Le sort de la nationalité
L'heure était pourtant à la détente après le discours de Saad Hariri, le 14 février, et ce climat avait un temps laissé croire que les municipales pourraient se tenir dans les délais, sans trop de complications. Le quotidien koweïtien al-Qabas notait ainsi hier que les propos du Premier ministre avaient tranquillisé toutes les parties, mais c'était sans compter le discours enflammé prononcé par Hassan Nasrallah hier à l'occasion de la Journée du martyr. Avec William Burns - sous-secrétaire d'État américain pour les Affaires étrangères - à Beyrouth, en train de certifier que l'aide militaire US au Liban ne saurait tarder, Hassan Nasrallah a choisi d'affirmer haut et fort qu'avec « notre résistance, notre armée et notre peuple,  nous sommes capables de protéger notre pays sans l'aide de quiconque ». Il convient de souligner que cette déclaration intervient alors même qu'Élias Murr est revenu à Beyrouth après un déplacement aux Etats-Unis où il a surtout discuté de l'aide militaire US à l'armée libanaise. De plus, Michel Sleiman, recevant William Burns à Baabda, avait insisté hier sur la nécessité d'accélérer l'aide US à l'armée et aux différentes forces de sécurité. Ce dernier avait à son tour promis « le soutien » de son pays au Liban, notamment dans le domaine militaire, et a en outre indiqué que « les canaux de communication » avec le Liban resteraient ouverts.

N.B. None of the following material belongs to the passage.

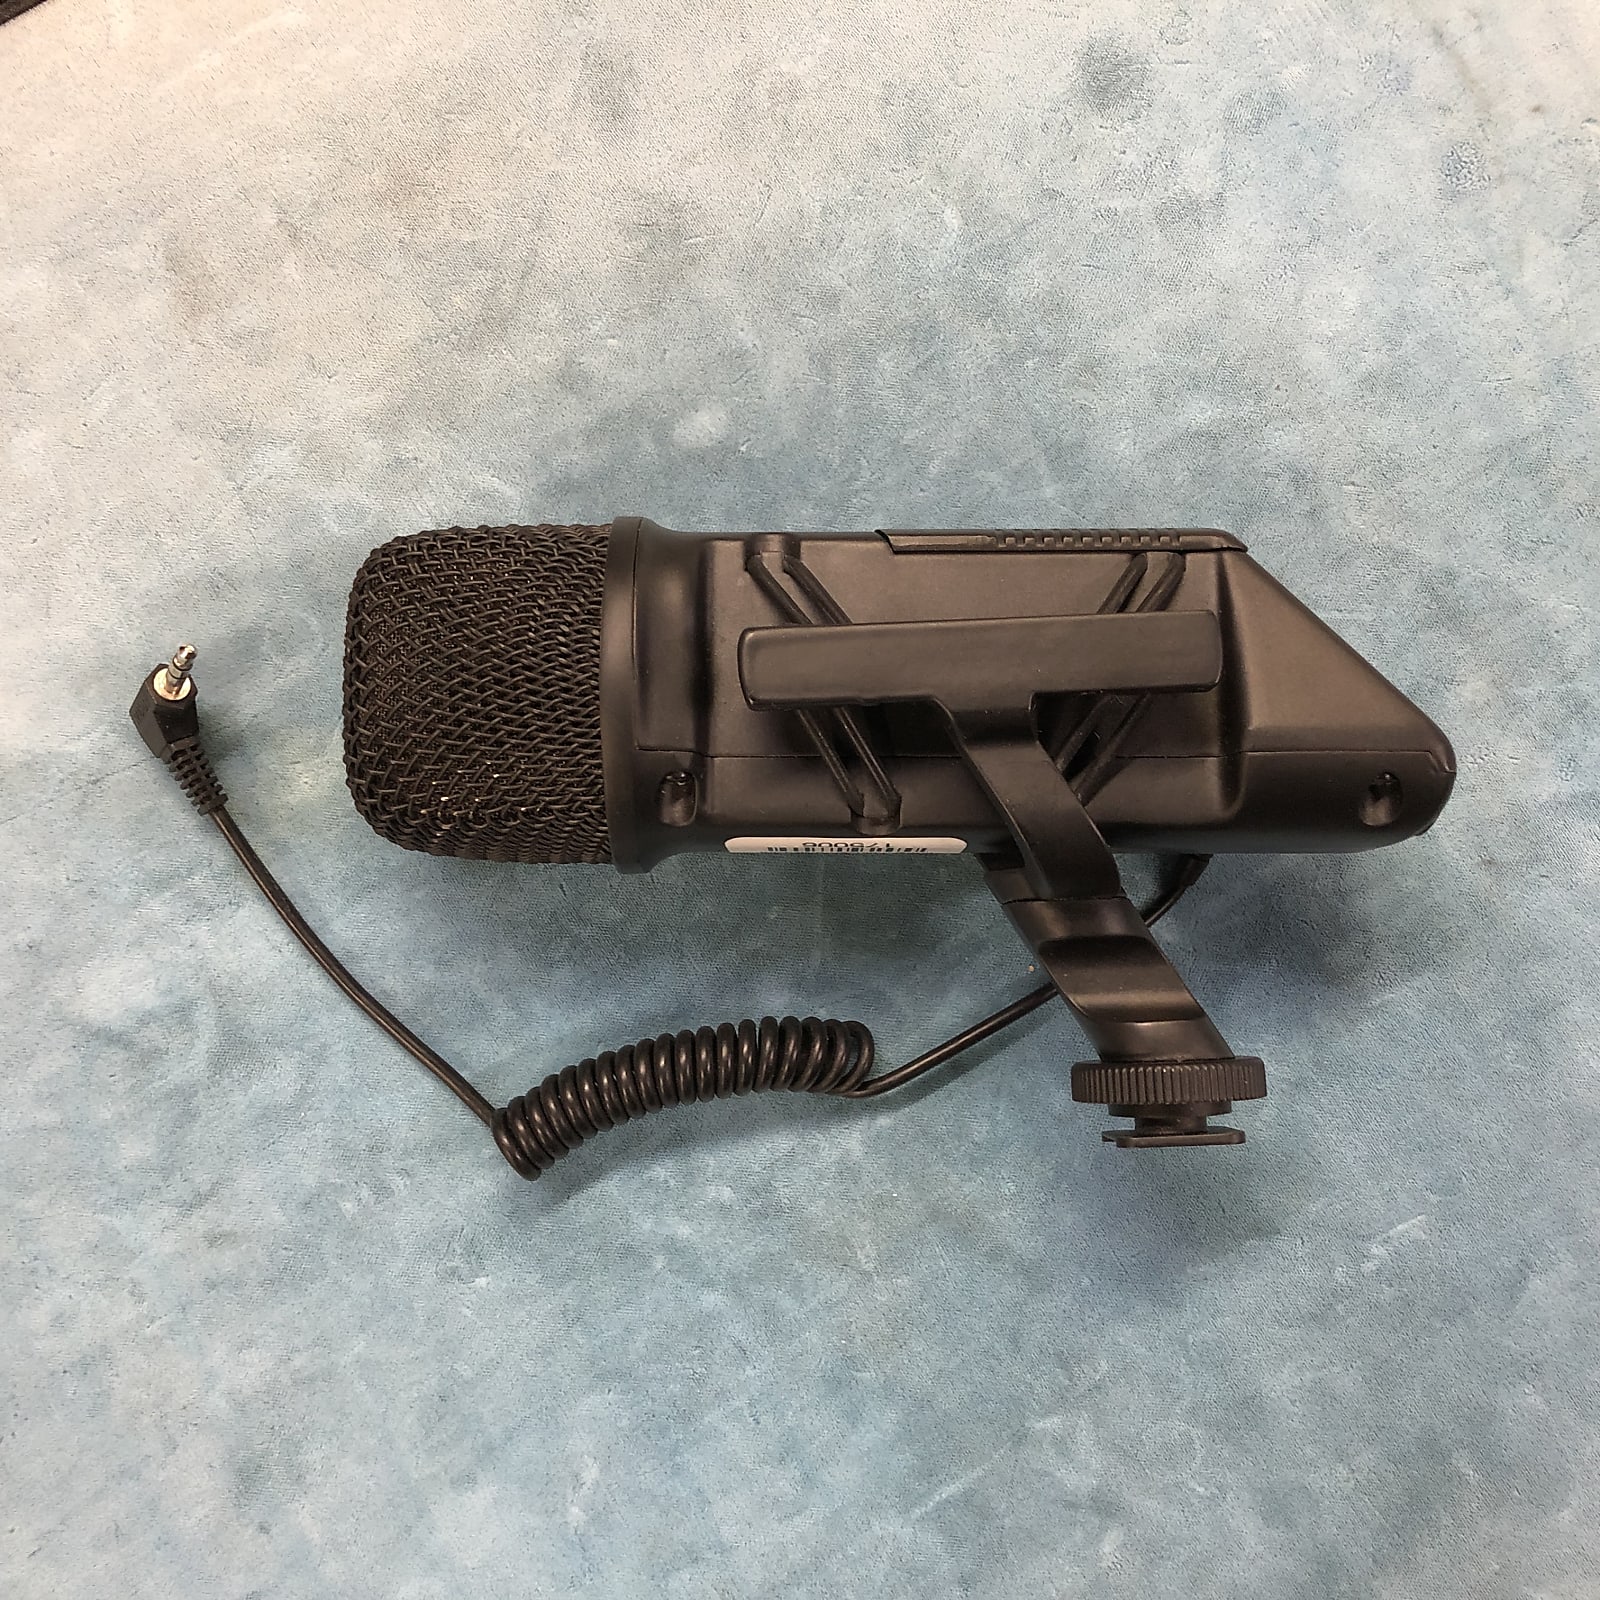 Rode SVM Stereo VideoMic On-Camera Microphone
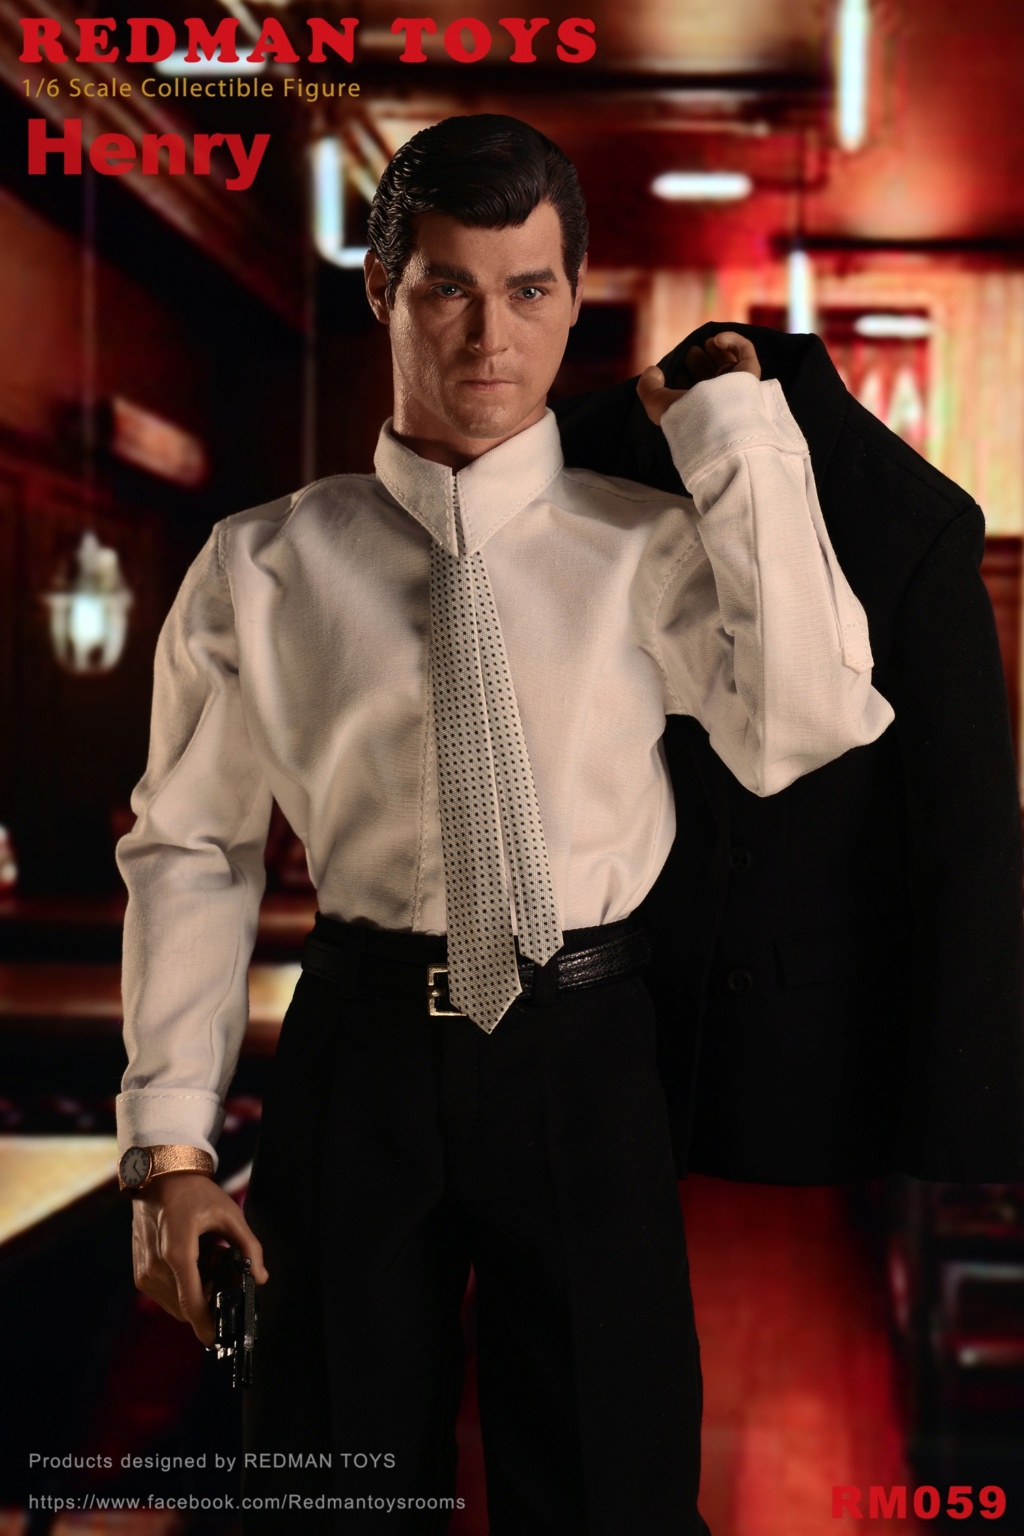 movie-based - NEW PRODUCT: Redman Toys: 1/6 Good Guys Threesome JIMMY TOMMY HENRY 15194611

Avant cela, Hassan Nasrallah s'était attelé à s'en prendre à la proposition d'Amine Gemayel tendant à faire du Liban un pays neutre, en se demandant si « une fois neutre, le Liban serait à l'abri d'une attaque israélienne », puis Nasrallah s'est employé à attaquer les propos de Samir Geagea - pour qui l'existence même de la résistance constitue un prétexte de guerre pour Israël - en soulignant que « de tels propos sont très dangereux sur le plan national ». Un peu plus tôt dans la journée, c'est Ali Hassan Khalil qui avait relevé que « les voix qui se sont élevées le 14 février pour dénoncer les armes de la résistance ne surprennent plus personne et n'affectent plus grand monde ». Nasrallah a également et surtout déclaré qu'il acceptait de relever le défi avec Israël en affirmant que si ce dernier attaquait « l'aéroport du martyr Rafic Hariri, nous attaquerons l'aéroport Ben Gourion ». Décision délibérée de hausser le ton face à Israël ou tentative de faire de l'ombre au dossier des élections municipales, toujours est-il que celles-ci semblent, après ce discours, reléguées au rang de détail presque insignifiant.
Autre développement qui a été de nature à bouleverser les priorités, les récents et graves incidents de Aïn el-Héloué où des armes moyennes ont été utilisées. À ce sujet, Mounir Makdah a déclaré, lors d'un entretien accordé à la chaîne de télévision OTV, qu'il est temps d' « ouvrir le dossier palestinien afin d'organiser la présence palestinienne dans toutes les régions libanaises ».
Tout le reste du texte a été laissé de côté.